Once the change has been validated as effective, it can be rolled into the proactive maintenance plan.
This maintenance may include heat and temperature monitoring for equipment where the root cause identified heat failure. Or it could involve vibrational analysis for machines that were the subject of high stress or sheering forces.
It’s also at this stage that the maintenance interval should be established. This interval should be based on run time rather than calendar dates.
And records and charts should be kept to identify realistic intervals for proactively replacing wear parts or establishing predicted failure rates. These procedures, once mature, can also be added to a production monitoring IIoT software program later to optimize the system further.
TPM is different from traditional preventive maintenance. In traditional maintenance programs, a time-oriented list is utilized based on OEM recommendations. This maintenance method doesn’t factor in production materials that put an aggressive or mild strain on equipment reliability or condition, meaning that equipment malfunctions sooner than expected or much longer than expected. One adds cost in the form of breakdowns, and the other adds cost in replacing parts that are still in optimal working order. MachineMetrics helps customers with advanced machine learning, deep analytics, and intuitive and customized dashboards that allow operators, technicians, and managers to act in real-time at a level previously impossible.
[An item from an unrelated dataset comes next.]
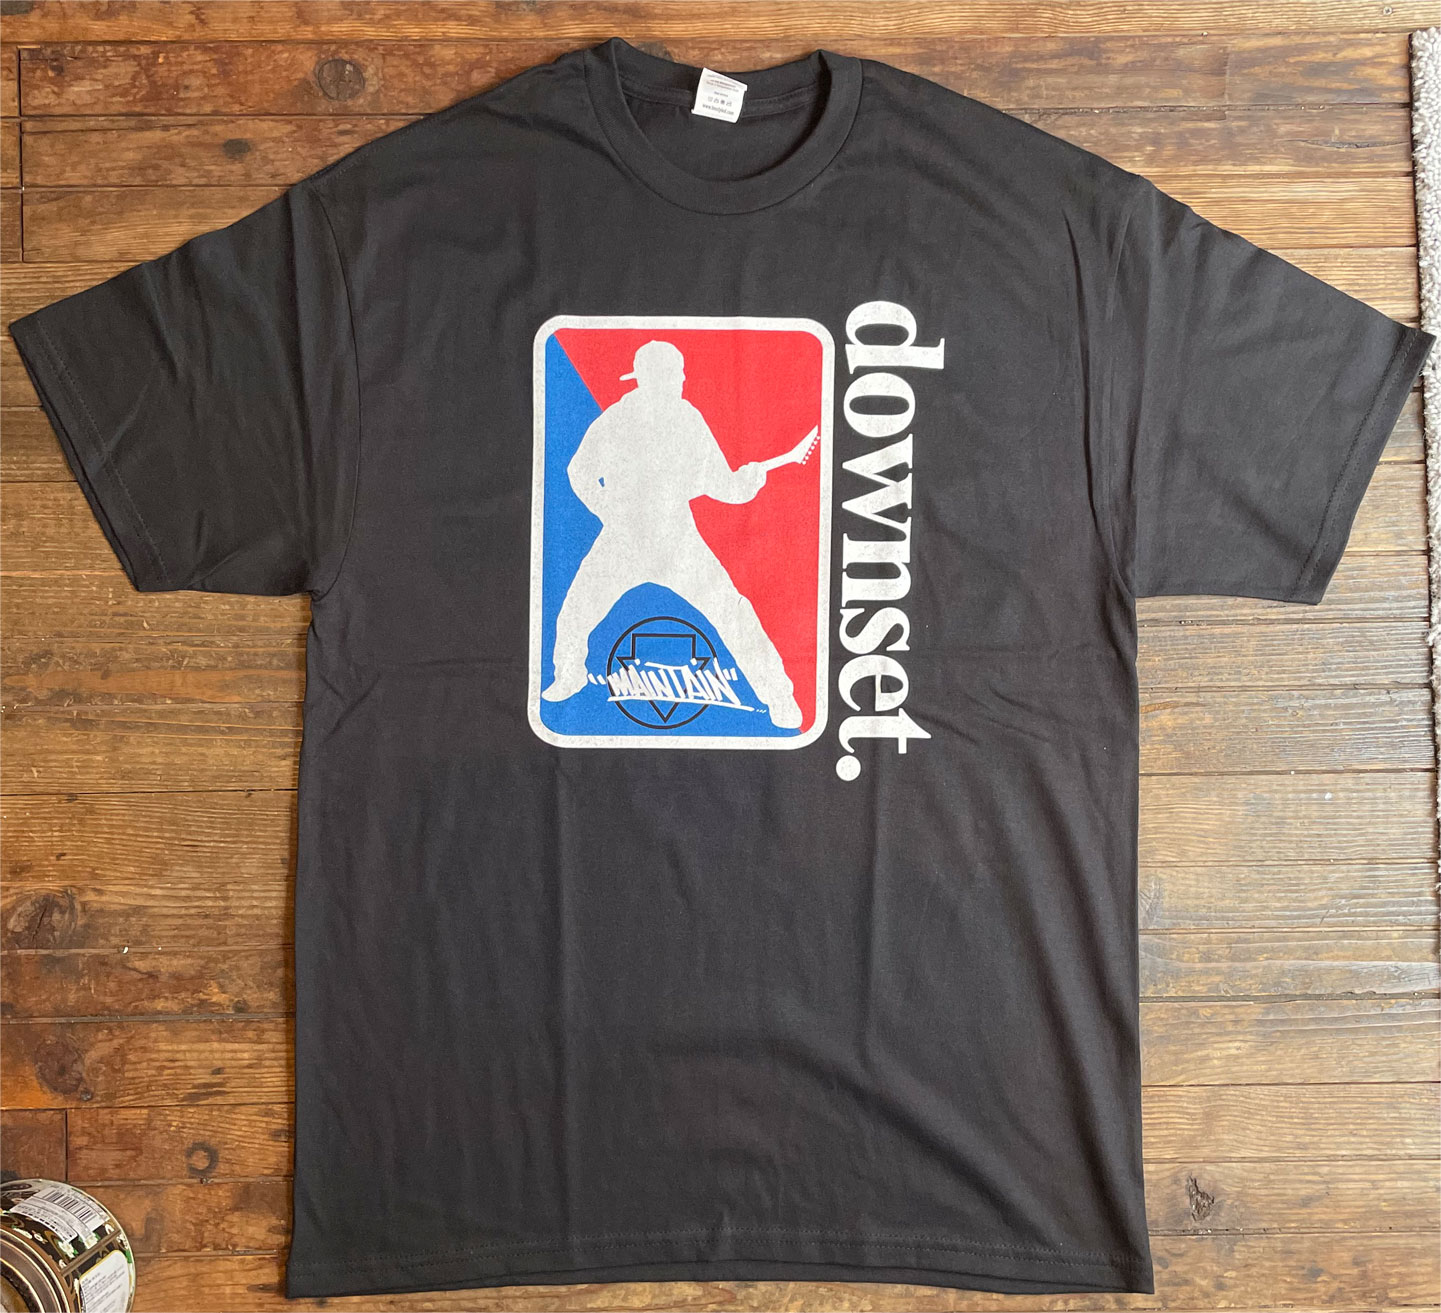 DOWNSET T-Shirt!!rapmetal

Traditional maintenance isn’t predictive. It doesn’t have the ability afforded IIoT technology to schedule the maintenance in conjunction with changeovers or other scheduled downtime to reduce overall downtime. And being matrix-based rather than analytics-based, traditional maintenance relies on pre-set time to perform maintenance. We've seen this time and time again at MachineMetrics. Our software brings the benefits of Industrial IoT to the production floor, allowing customers to develop dynamic, data-driven maintenance programs that save time and money.
Intuitively, the effectiveness of TPM is made possible by the value offerings of the Industrial IoT. By providing machine performance and health data, the IIoT allows for accurate and actionable capture of information that makes the full realization of TPM possible. In doing so, the potential of the "Hidden Factory" is unlocked, and digital lean can be realized through the use of IIoT technology by building on lean principles.